Friday, September 07, 2007

Our Churchgoing Friends

Along with the wonderful debunking of the Supply Side myth excerpted below, the current TNR contains a review of a new book about the Holocaust, one that contains new sources, and previously unpublished documentary material. The review is facinating, and suggests the book is, too. Here are just a few sentences from it, dedicated to those Orthodox Jews still unable to accept the well-proven complicity of the Catholic Church in the disaster:

On July 15, 1941, in the first month of the Einsatzgruppen murders of tens of thousands of Jews behind the lines on the Eastern Front, Polish Catholic officials sent the following message to the Polish government-in-exile in London:

As far as the Jewish Question is concerned, it must be seen as a singular dispensation of Divine Providence that the Germans have already made a good start, quite irrespective of all the wrongs they have done and continue to do to our country. They have shown that the liberation of Polish society from the Jewish plague is possible.... Clearly, one can see the hand of God in the contribution to the solution of this urgent question being made by the occupiers.
By December 1941, deportations of Jews from Germany to the East had sharpened controversies in both the Catholic and Protestant churches.

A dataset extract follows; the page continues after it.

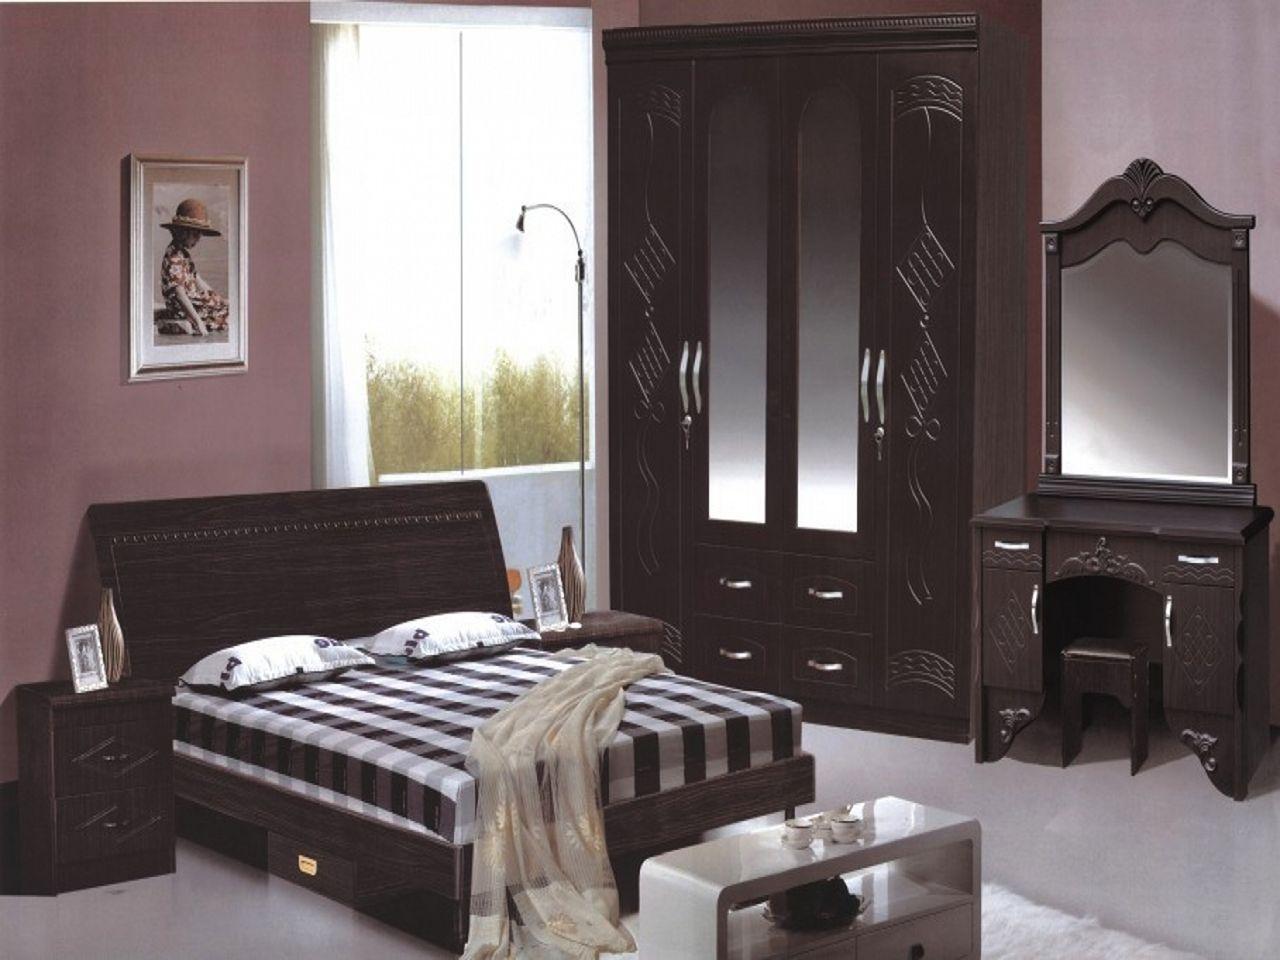 Design Master Bedroom Furniture

On December 17, 1941, German Christian church leaders of Saxony, Nassau-Hesse, Mecklenburg, Schleswig-Holstein, Anhalt, Thuringia, and Lubeck announced that the "severest measures" should be taken against the Jews, who should be expelled form German territories. The overwhelming majority of Catholic church leaders who had previously denounced the Nazi murders of the mentally ill and physically handicapped said nothing about the deportations of Jews from Germany. Friedländer concludes that between 1939 and 1945 the vast majority of church officials remained silent. They made clear and ugly distinctions between a tiny minority of Jews who converted to Christianity and the vast majority who did not. They accepted that there was a fundamental inequality between Christians and Jews, and failed to use the moral authority of the church to attempt to stop the genocide in progress. Anti-Semitic antipathies rooted in traditional Christian theology combined with fear of communism led the preponderance of leadership in the Christian churches of Europe to remain silent and on occasion to fan the flames of anti-Semitism. We read of the occasional priest or minister who gave a dissenting sermon (and was sometimes arrested or murdered as a result); but these were exceptions that proved the rule.

I remind you again that John Paul II, the pope OJ's love the most, worked tirelessly to promote the beatification of his predecessor Pius XII, the man who presided over this disgrace.